The respondents said the job has been mentally taxing as well.

“Patients are alone. No family can visit. They are extremely sick and in some cases are dying alone. Nurses are using iPads and phones for FaceTime with families.  It’s heartbreaking.”

‘We are fighting together, and we’re a family.’

Not many people can understand what health care workers are experiencing than their fellow colleagues. And that is who they are drawing inspiration from, according to survey respondents.

“Watching all my coworkers come to work knowing the possible exposure they can have,” a respiratory therapist wrote.

Many said the support and love from the community also lifts spirits.

“A thank you goes a long way. We are all strong and won't easily show our fears, but we are in this together with you our communities,” said an emergency room nurse.

We need your support as much as you need ours.

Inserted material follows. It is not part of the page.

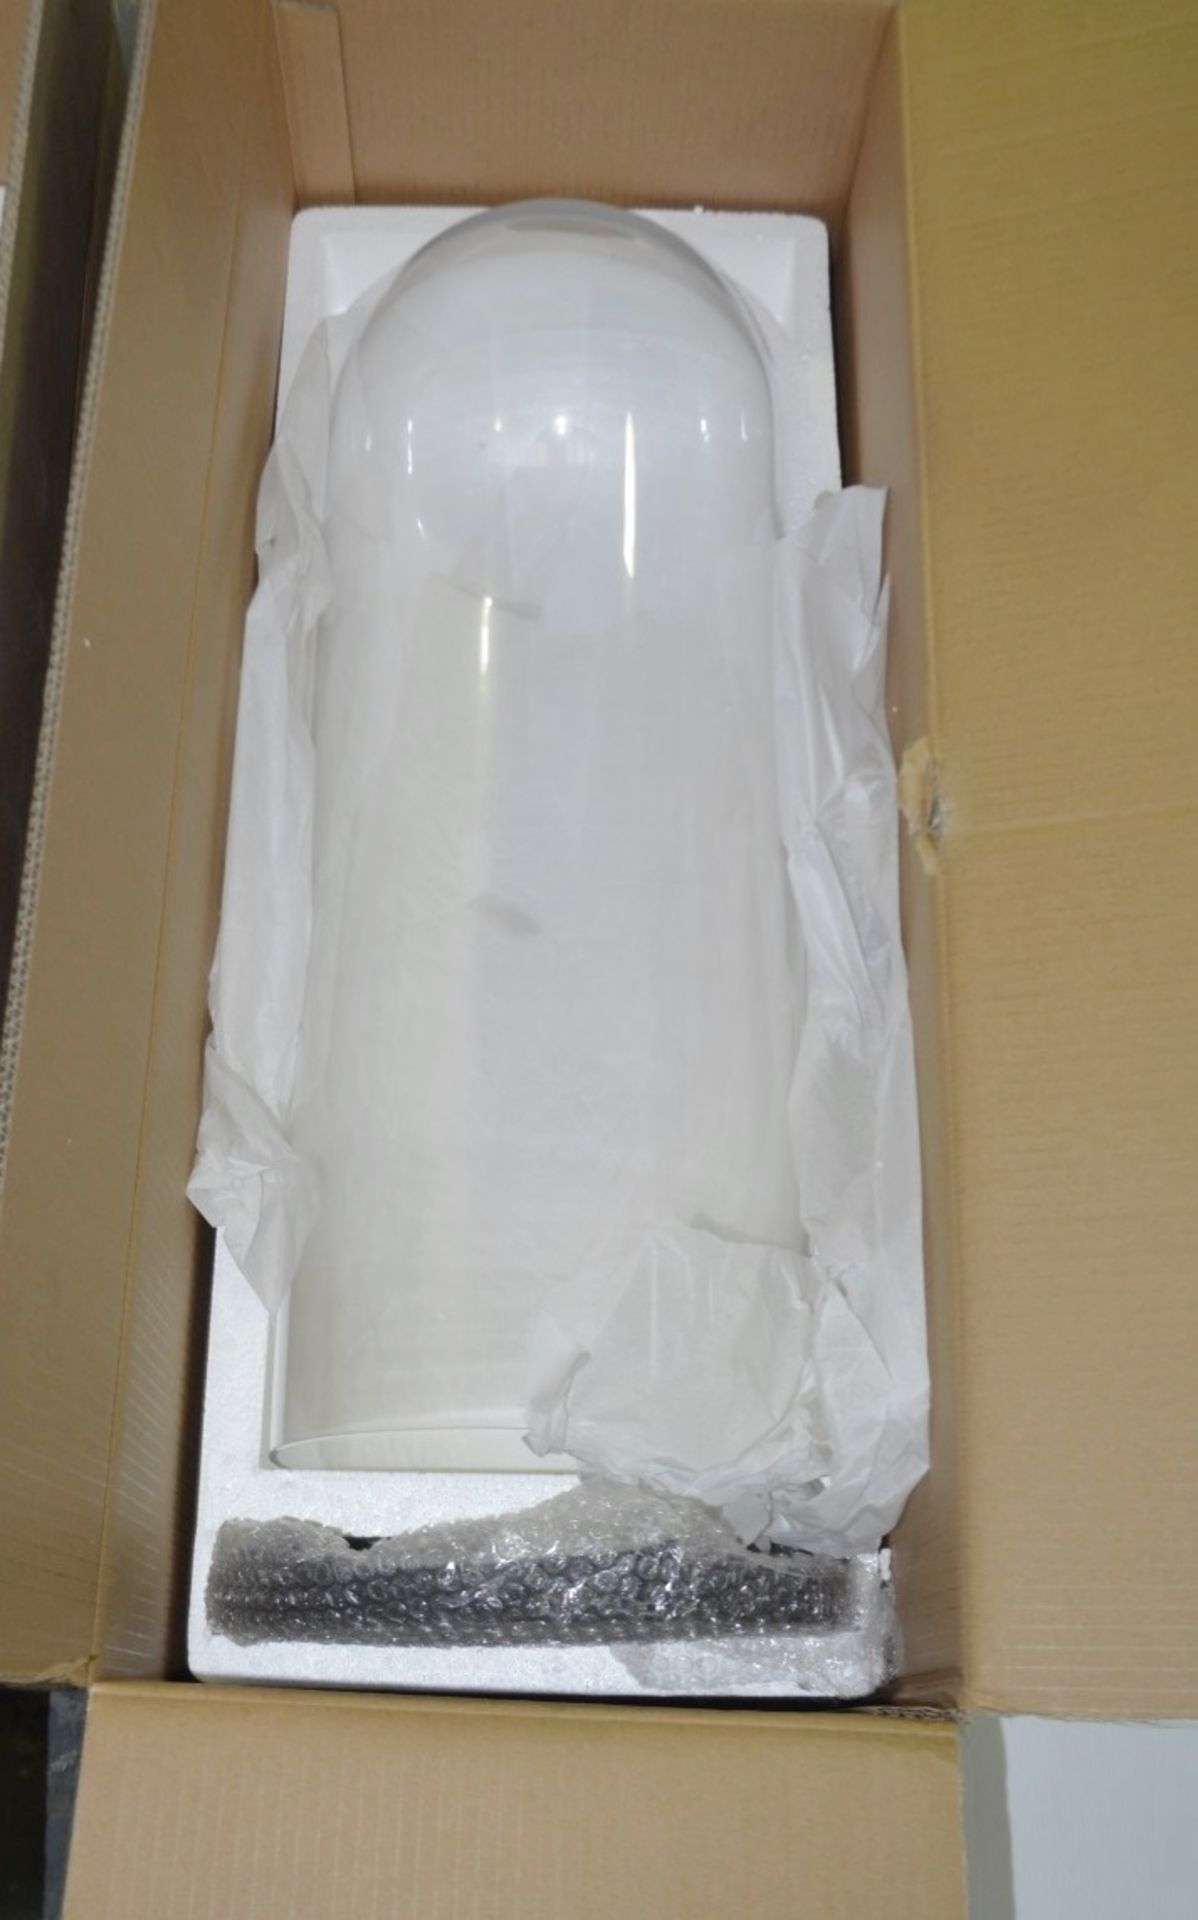 1 x EICHHOLTZ 'Palermo' Large Clear Glass Bell Jar With Wooden Base In Black - Unused Boxed - Image 2 of 3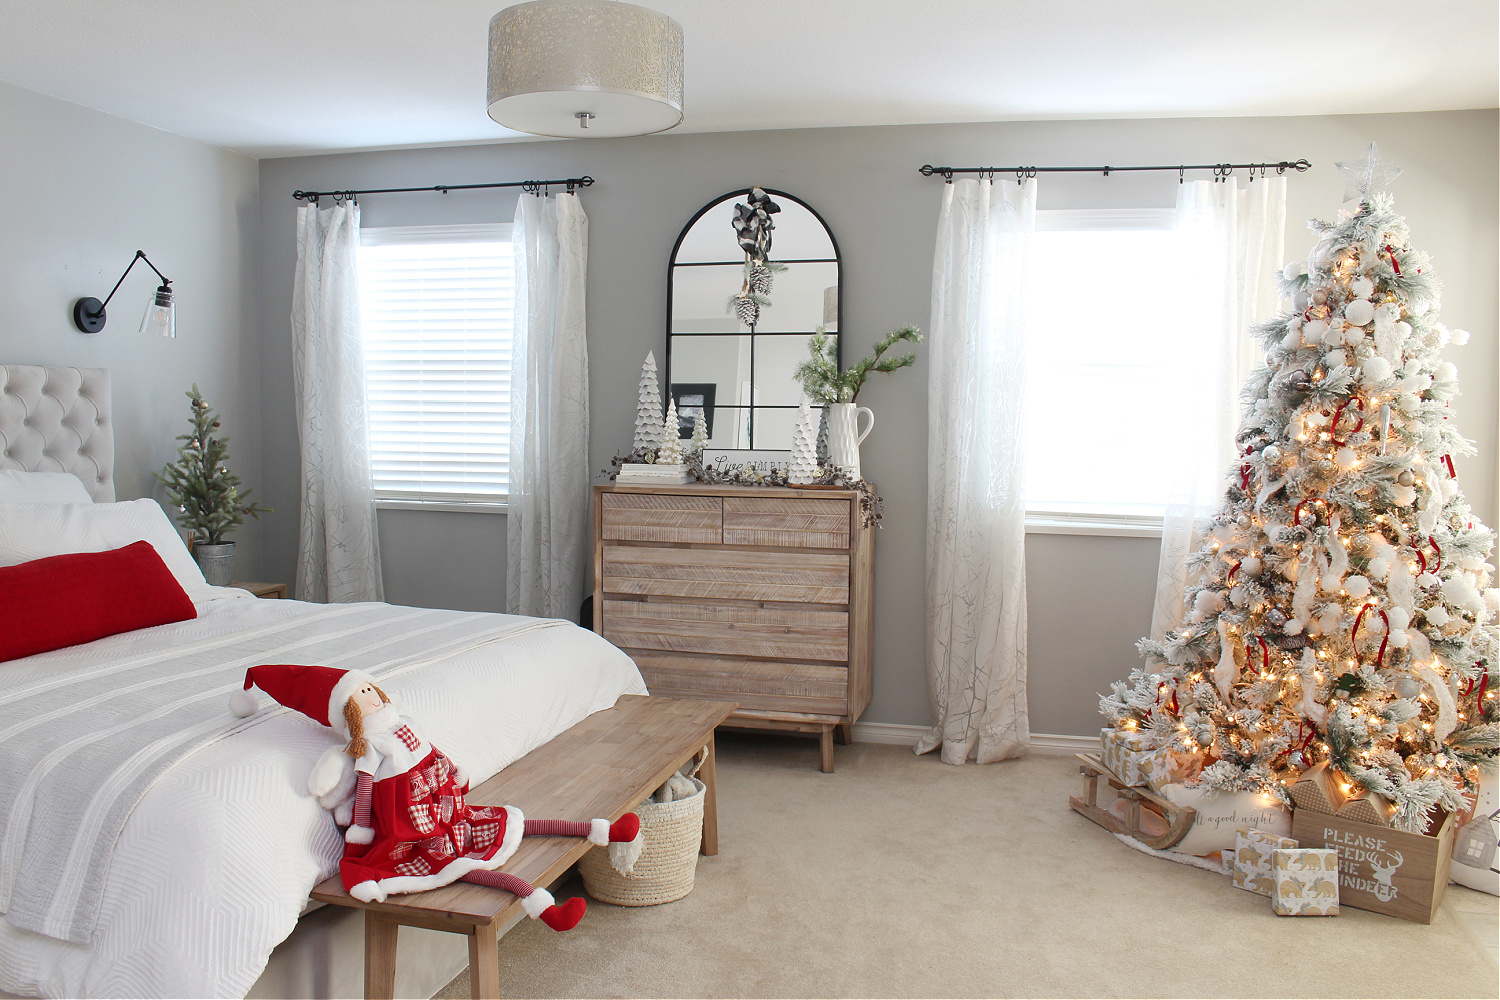 Cozy Christmas bedroom with a Christmas tree and pops of red.

A nurse at a northwest suburban hospital

Respondents were split when it comes to donations of PPE.

Some members of the community have been sewing masks because of the supply shortage, but one worker said ‘do not donate to hospitals masks and gowns. The hospitals will not use them because they’re not sterile.’”

Another wrote: “Cloth masks do not adequately protect us from droplet or airborne illness. We appreciate your efforts, but the masks being made are only a last resort. I would rather have to re-use an N95 mask than use a cloth mask as I know it will protect me.”

Yet others pleaded: “Bring any masks they may have or gowns we can use.”

Those who wish to donate should call local hospitals before donating. Many of the health care workers called on anyone with N95 respirators, such as painters and other contractors, to make donations.

The state of Illinois is also soliciting donations, such as surgical and N-95 masks, gowns, gloves and eye protection.

“The little things that you bring such as bottled water, food, and letters or notes are so very appreciated.”